> **WORK ITEM**
Copy out each line below verbatim, skipping any picture.

(RECORDED INFORMATION)

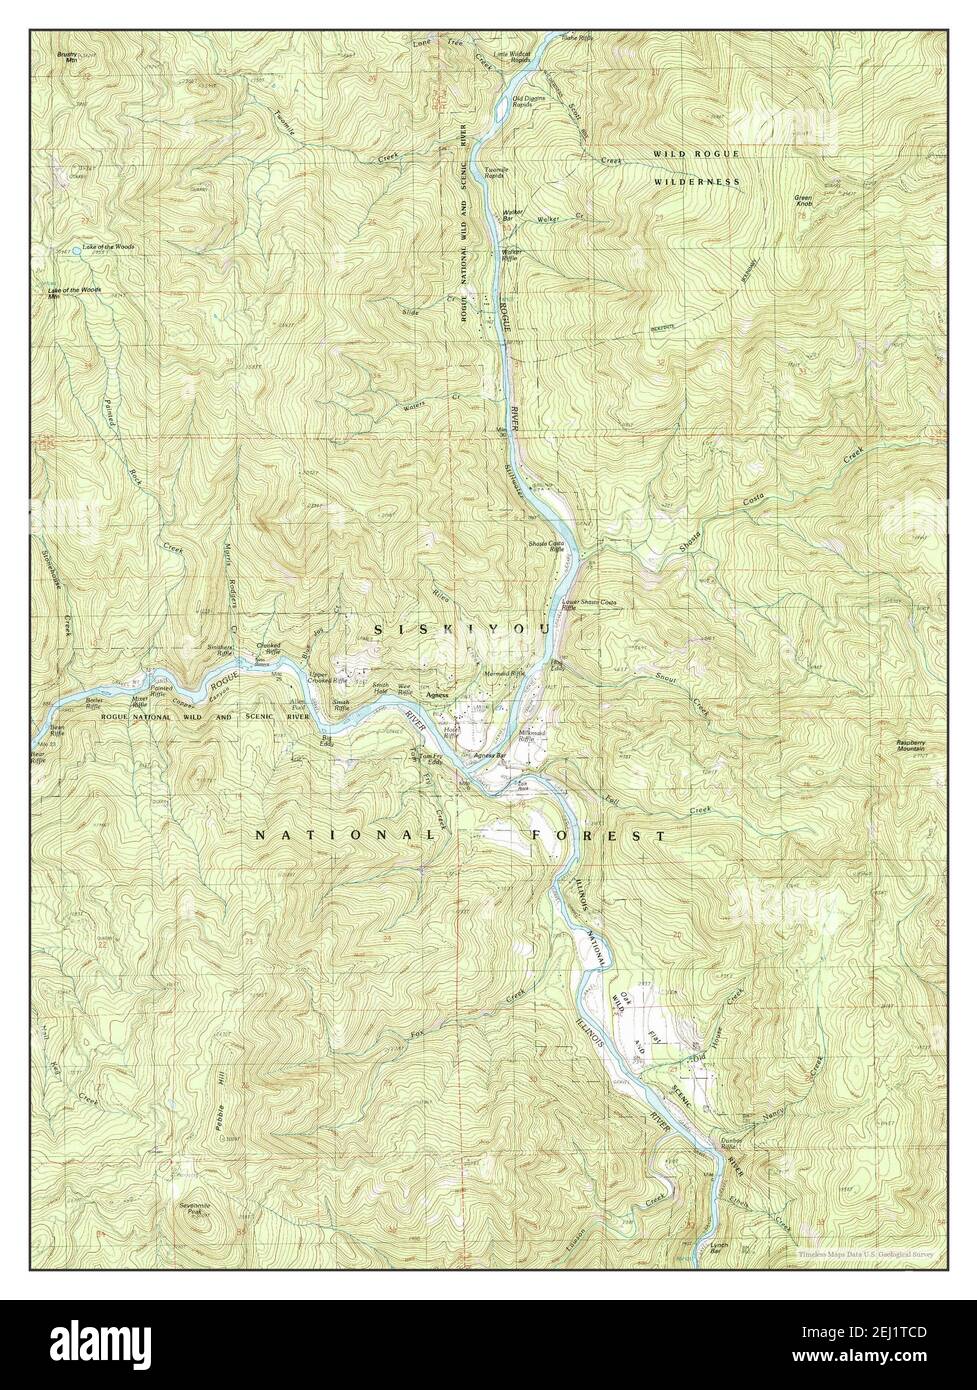 Agness Oregon Map 1989 1 24000 Estados Unidos De America Por Timeless Maps Data U S Geological Survey 2ej1tcd 
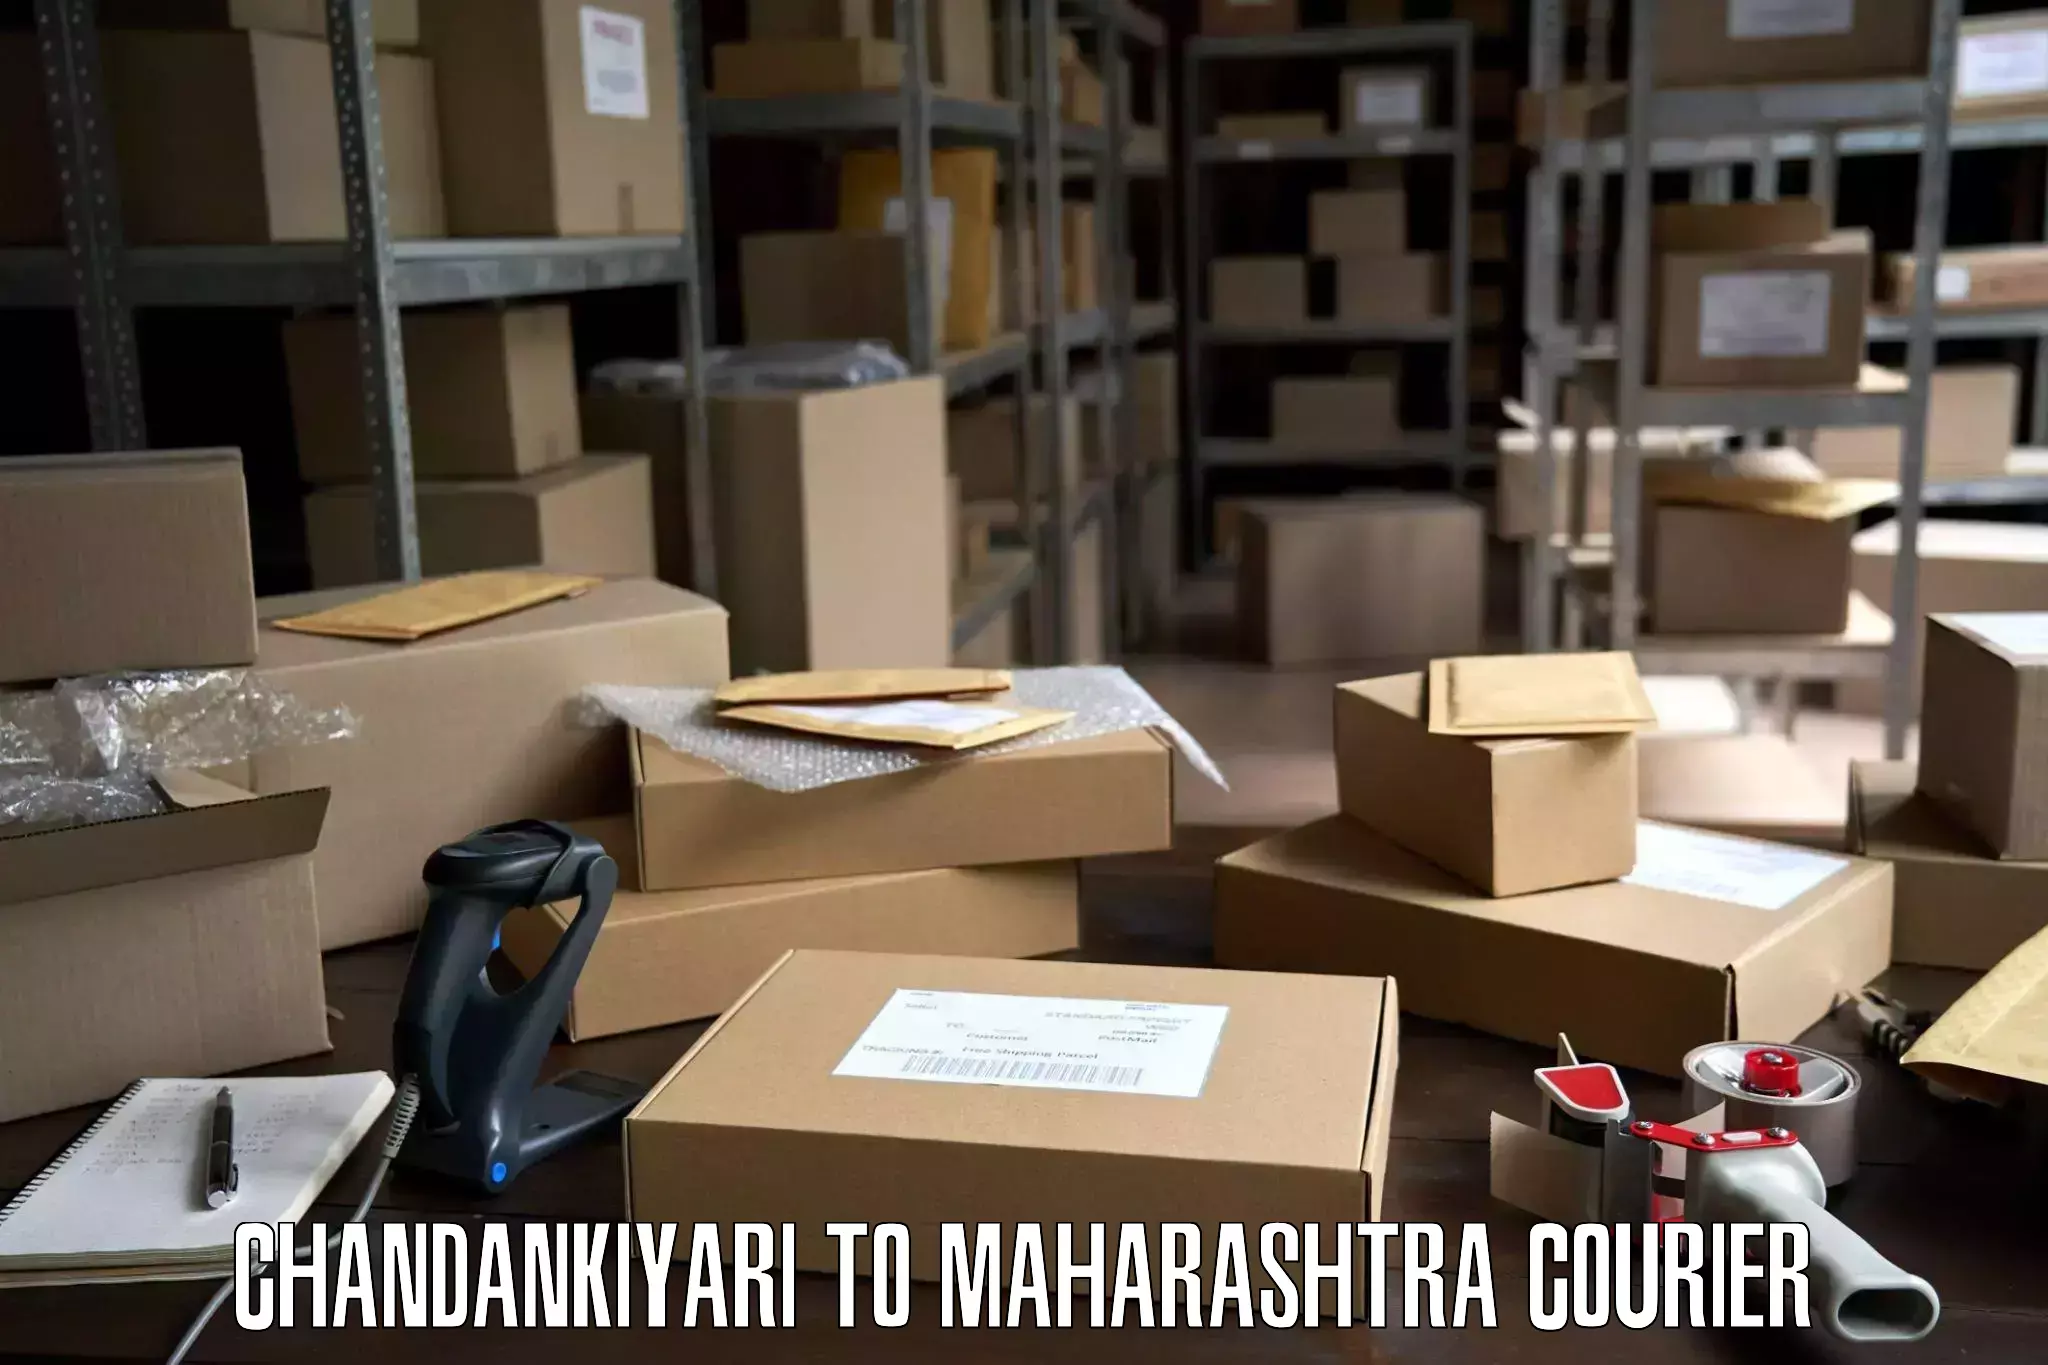 Trusted furniture movers Chandankiyari to Dindori Nashik
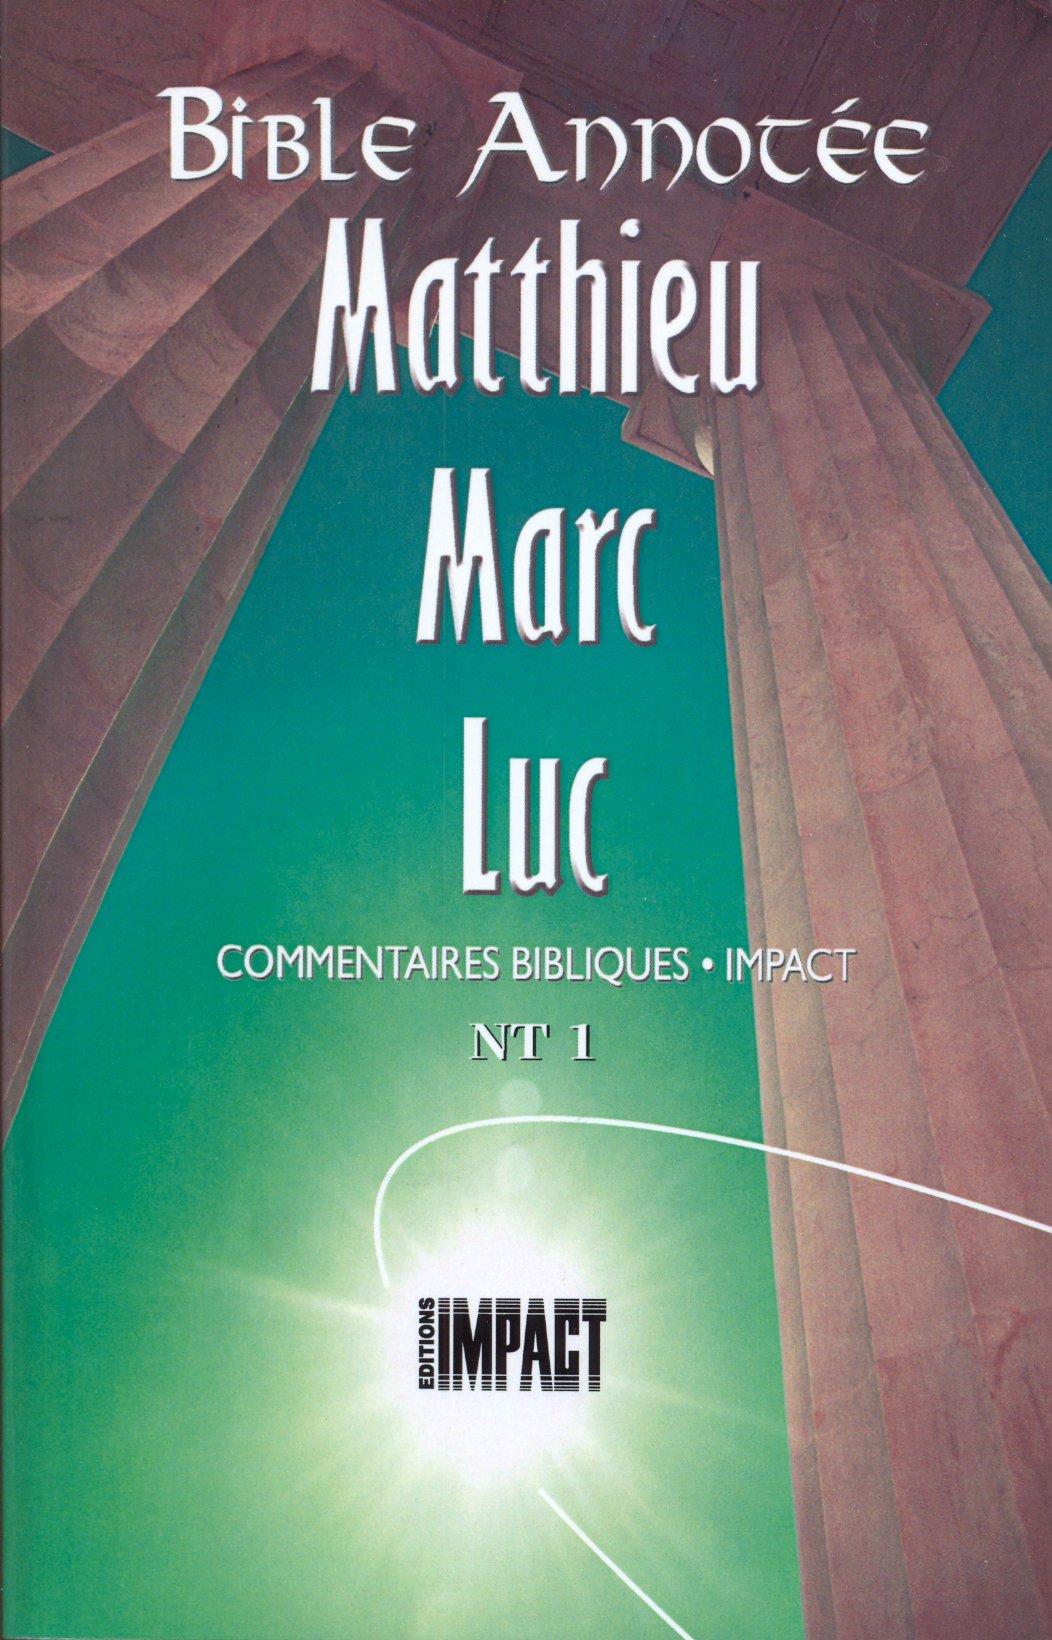 Bible annotée (La), Matthieu, Marc, Luc - Commentaires bibliques Impact NT 1
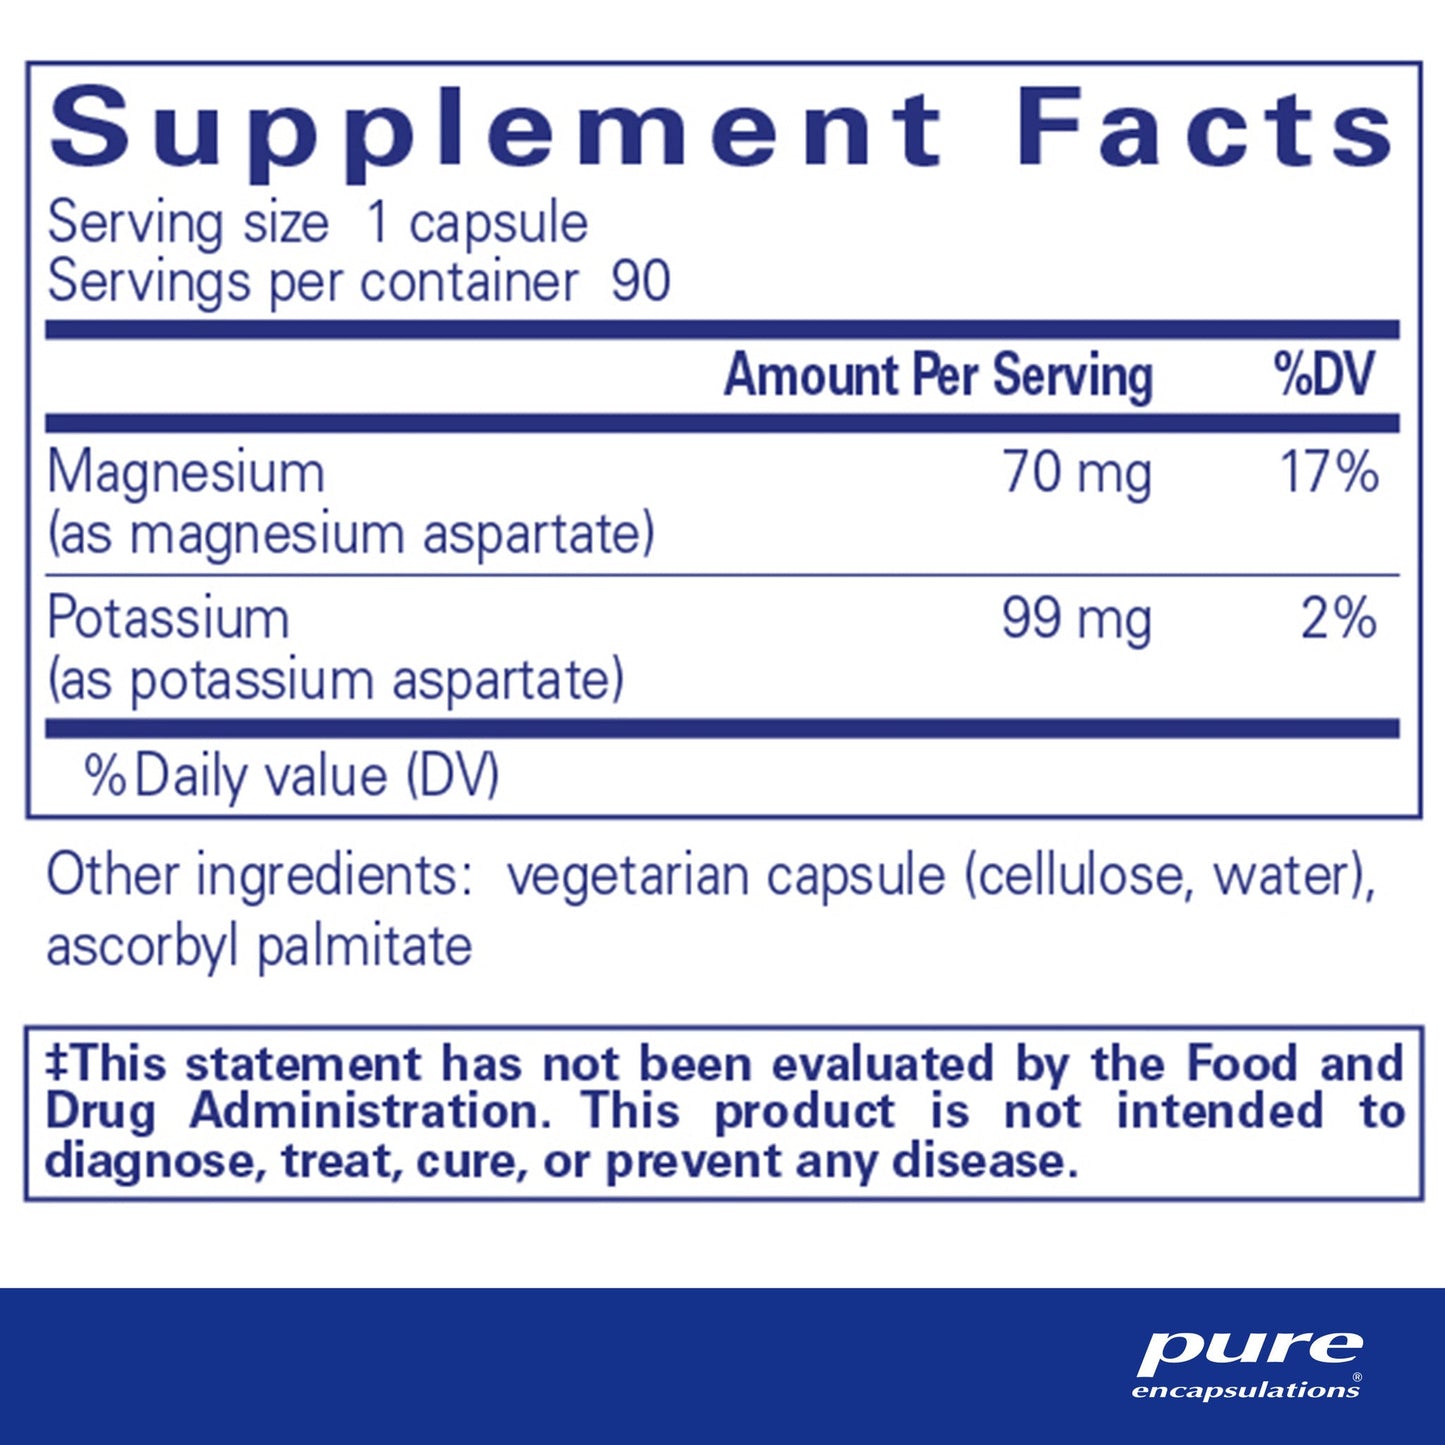 Potassium/Magnesium (aspartate)

(End RECORDED INFORMATION)

> **RESULT OF THE TASK**
 Agness Oregon Map 1989 1 24000 Estados Unidos De America Por Timeless Maps Data U S Geological Survey 2ej1tcd 
 Trusted furniture movers Chandankiyari to Dindori Nashik
 Bible annotée (La), Matthieu, Marc, Luc - Commentaires bibliques Impact NT 1
 Potassium/Magnesium (aspartate)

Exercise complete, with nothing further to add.